Manhertz also had legitimately great flashes as a run-blocker. While his pass-blocking didn't always match the level of push and drive he was able to get in the running game, Manhertz was a legitimately plus-addition to the run game and his efforts played a big role in James Robinson producing like one of the best running backs in football over the first two months of the season.

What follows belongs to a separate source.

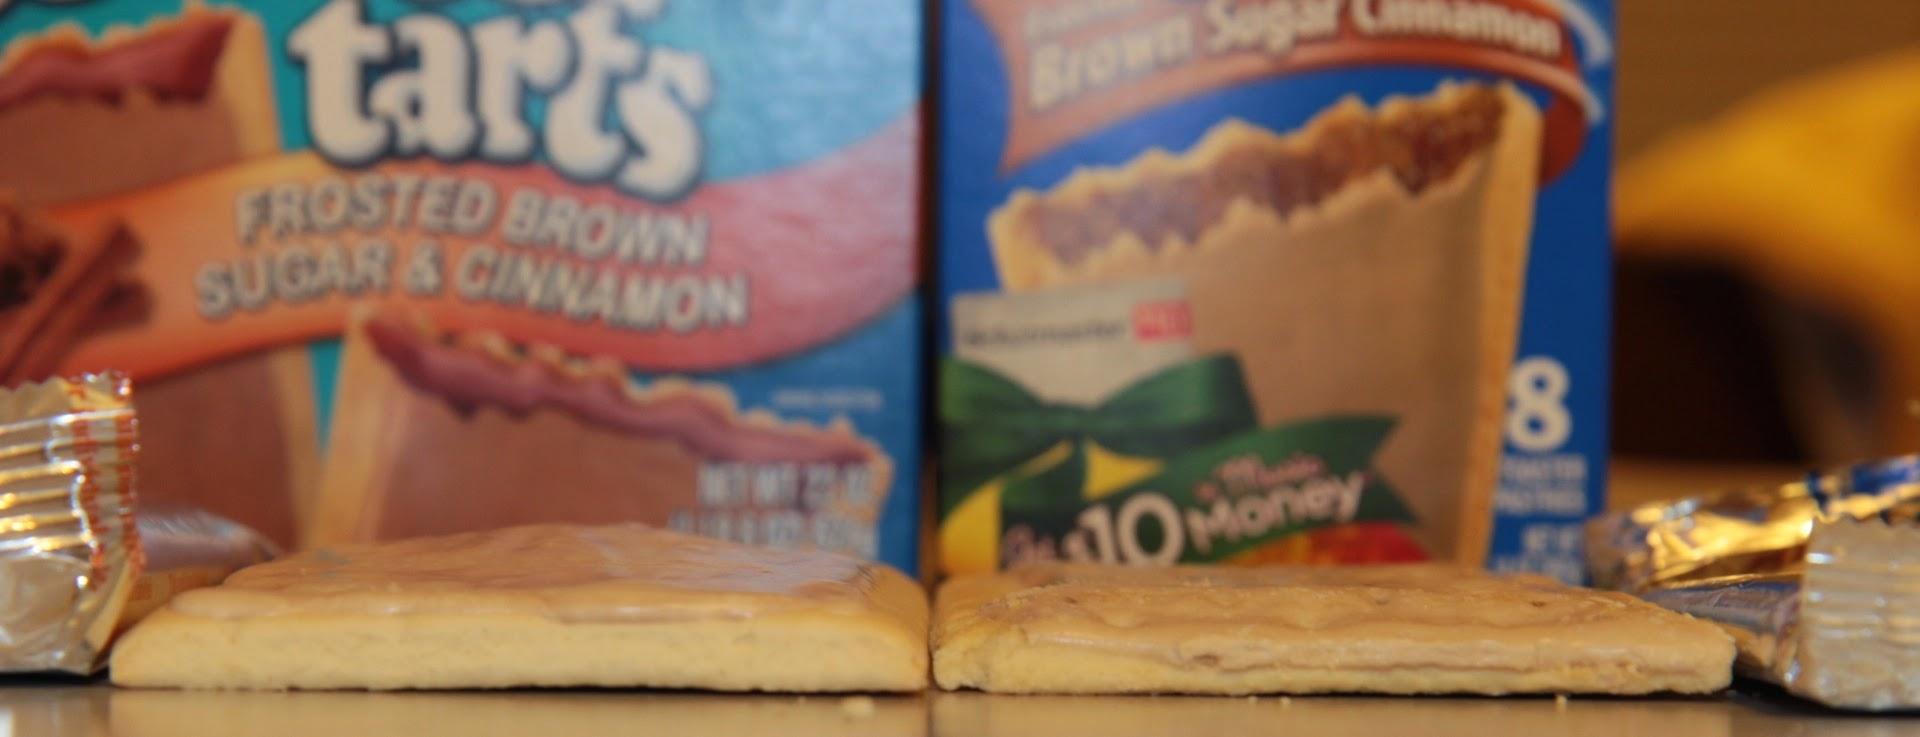 Aldi Millville Toaster Tarts vs. Kellogg's Pop Tarts Thickness

Overall, Manhertz provided Trevor Lawrence with a reliable and efficient passing target on limited passing reps and was a quality addition to the blocking system. While this is a niche role, Manhertz at least did well for what the role was. He may not be more than a run-blocking tight end who deserves limited targets, but he wasn't a liability for the Jaguars in either of these senses.

What Went Wrong

While Manhertz was a solid addition as a run-blocker, I struggle to say the same for his ability as a pass-blocker. Manhertz was billed by the Jaguars as an elite blocking tight end who could give them advantages thanks to his ability to block edge defenders and give the Jaguars strong protection on the edge during max protection plays, but he struggled in this area more than many presumed he would. 

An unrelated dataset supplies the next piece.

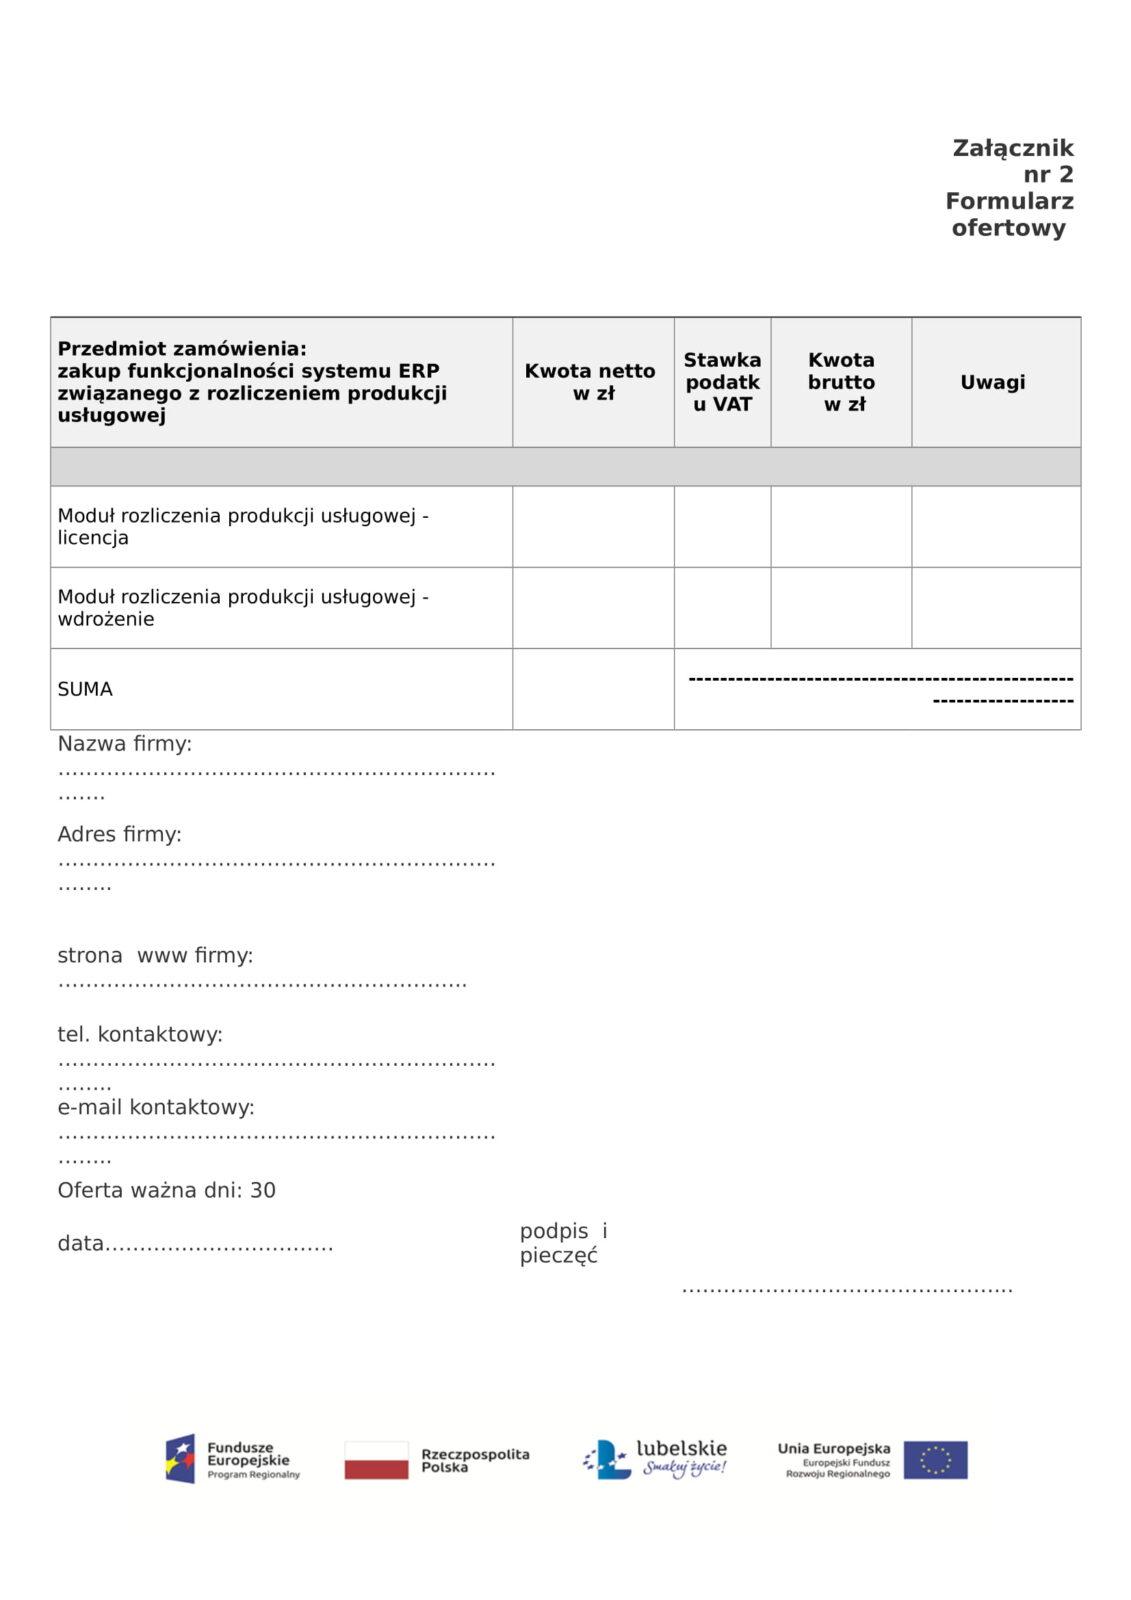 https://stoczek.com.pl/wp-content/uploads/2021/01/Zalacznik-nr-2-Formularz-ofertowy-13.01.20-2.pdf

Per TruMedia and PFF, Manhertz pass-blocked 60 times in 2021 and allowed four pressures and a sack. This is a loss per every 12 pass-blocking reps, which is a bit of a high mark for a tight end who was considered to be a top-tier blocker in all phases. Instances in which Manhertz struggled in this regard include the San Francisco 49ers and Atlanta Falcons games, with him allowing a fumble in the latter on a blown block. 

Manhertz also had a tad of a penalty issue. He was flagged six times in 2021, which was tied for seventh among all tight ends. For a Jaguars offense that frequently shot itself in the foot in 2021, Manhertz had several ill-timed penalties that set the offense back. Only two Jaguars offensive linemen had more penalties than Manhertz last year -- right tackle Jawaan Taylor (12) and left guard Andrew Norwell (nine). Considering Manhertz had significantly fewer reps as a blocker, this is a negative. 

Overall Grade On This Signing: C- 

There is a reason why Manhertz's grade is as high as it is. While his issues with penalties and pass blocking and lack of production as a receiver are all glaring, he wasn't signed to be more than a blocking tight end. He did the most with his limited pass-catching reps, too, so it isn't as if he was given a plethora of targets and failed to do anything with them.

With that said, the aforementioned issues are why his grade is what it is. He wasn't the elite all-around blocker he was paid to be, and six penalties for a tight end who played fewer than 40% of the snaps is a tough pill to swallow.